Читать «В скорлупе» онлайн - страница 21

Иэн Макьюэн

Пытаюсь увидеть ее такой, как она сейчас должна выглядеть — с созревшим плодом, двадцативосьмилетнюю, молодо привалившуюся к столу (настаиваю на этом наречии), блондинку с косой, как у саксонского воина, красивую до неописуемости, стройную, если не считать меня, полуголую, с розовыми от загара плечами; ищет, куда поставить локти на кухонном столе среди тарелок, глазурованных желтком месячной давности, сухарных и сахарных крошек, на которые ежедневно срыгивают мухи, вонючих пакетов из-под молока, ложек с налетом, жидкостей, ставших струпьями на рекламных листовках. Я пытаюсь видеть ее и любить, как мне полагается, потом представить себе, какое ей выпало бремя: злодей, которого она взяла в любовники, святой, которого она отставила, дело, которое замышляется, милый ребенок, которого сдаст чужим людям. И все равно люблю ее. Если нет — то вы сами никогда не любили. А я любил, я любил. Люблю.

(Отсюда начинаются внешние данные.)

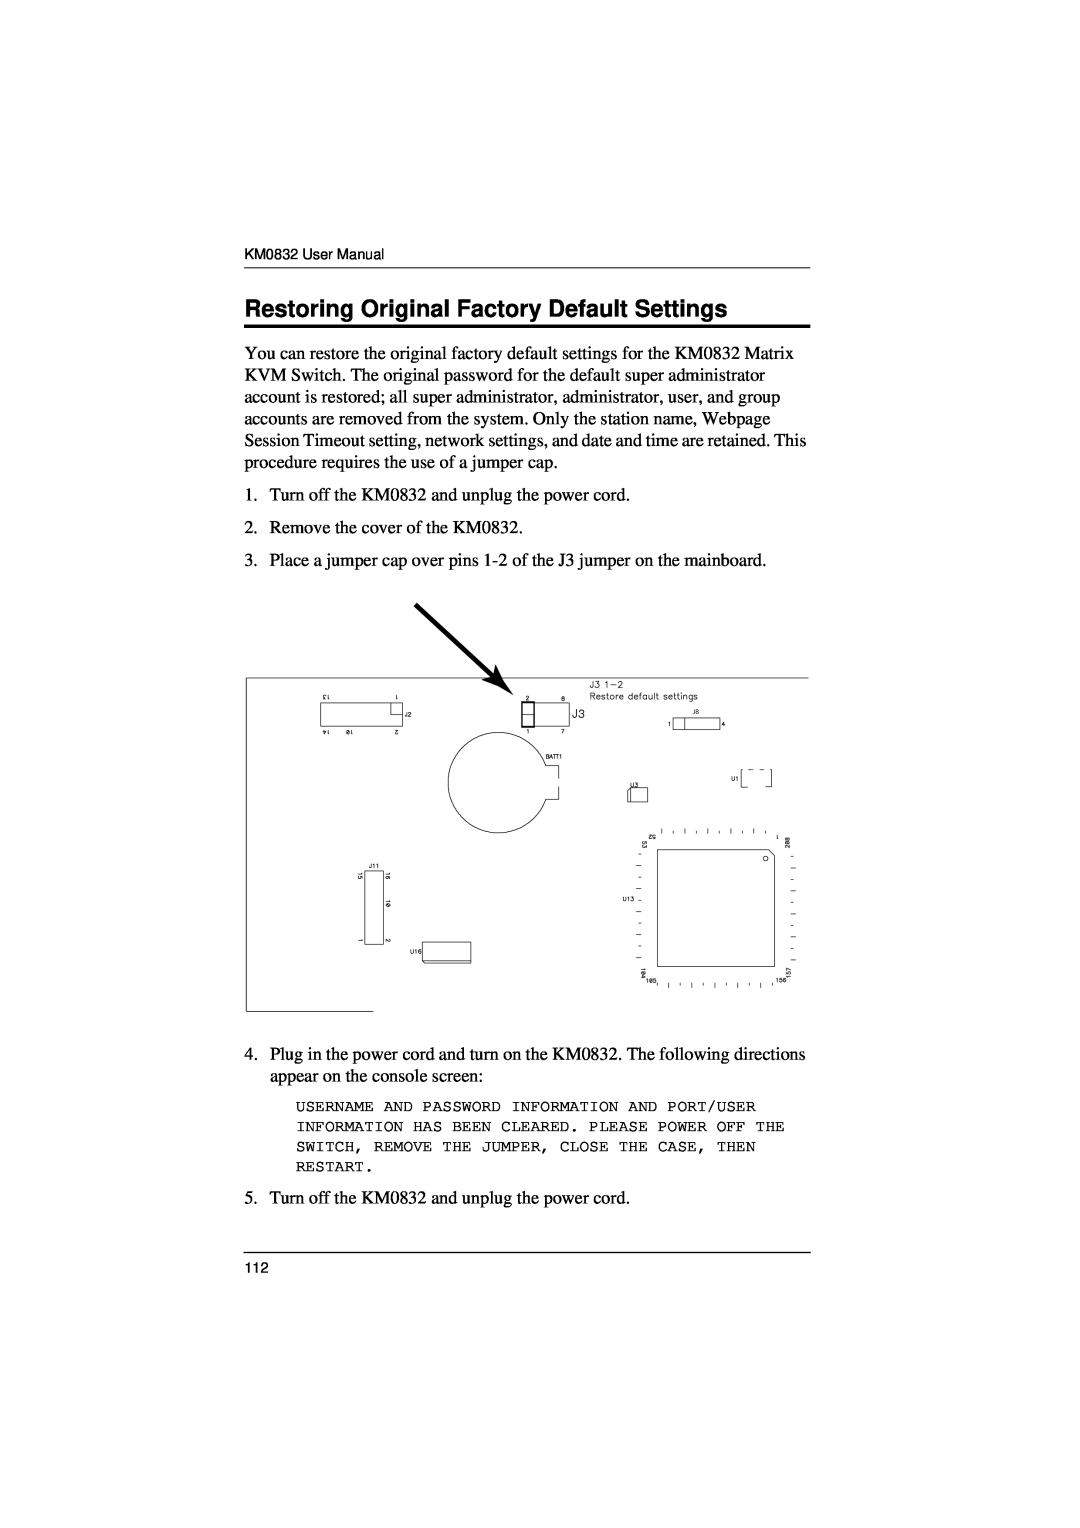 ATEN Technology KM0832 user manual Restoring Original Factory Default Settings

Она вспомнила о сыре, берет ближайшее орудие и вонзает. Отваливается кусок — и вот он у нее во рту, она сосет его, сухой и каменный, и размышляет о своем состоянии. Идут минуты. Состояние, я думаю, нехорошее, хотя кровь у нас все-таки не загустеет, потому что съеденная соль понадобится ей для глаз и щек. Ребенка пронзает материнский плач. Сейчас она перед лицом мира, созданного ею же самой и не дающего ответа, перед всем, на что согласилась, перед новыми обязанностями — я снова их перечислю: убить Джона Кейрнкросса, продать его родовой дом, поделить деньги, избавиться от ребенка. Это мне бы полагалось плакать. Но неродившиеся — каменноликие стоики, погруженные Будды. Мы признаем, в отличие от молодых сородичей — от плаксивых младенцев, — что слезы в природе вещей. Sunt lacrimae rerum. Младенческий вой — непонимание сути. Ждать — вот что надо. И думать!

Она уже немного оправилась, и мы слышим, как ее любовник вошел в холл и выругался, споткнувшись о мусор своими башмачищами, которые ей так нравятся.

(У него свой ключ. А отцу приходится звонить в дверь.) Клод спускается в полуподвальную кухню. Шуршит пластиковый мешок со снедью или с орудиями смерти — или и с тем, и другим.

Он сразу замечает ее странное состояние и говорит:

— Ты плакала.

Не столько заботливость, сколько констатация факта или непорядка. Она пожимает плечами и смотрит в сторону. Он вынимает из пакета бутылку и громко ставит на стол, так, чтобы она увидела этикетку.

— «Кюве ле Шарне Менету-Салон». «Жан-Макс Роже» две тысячи десятого года. Помнишь? Его отец погиб в авиакатастрофе.

Он говорит о смерти отцов.

— Если холодное и белое, я бы выпила.

Она забыла. Когда в ресторане официант не сразу зажег свечу. Тогда оно ей очень понравилось, а мне еще больше. А сейчас выдернута пробка, звякнули бокалы — надеюсь, чистые, — и Клод наливает. Я не могу отказаться.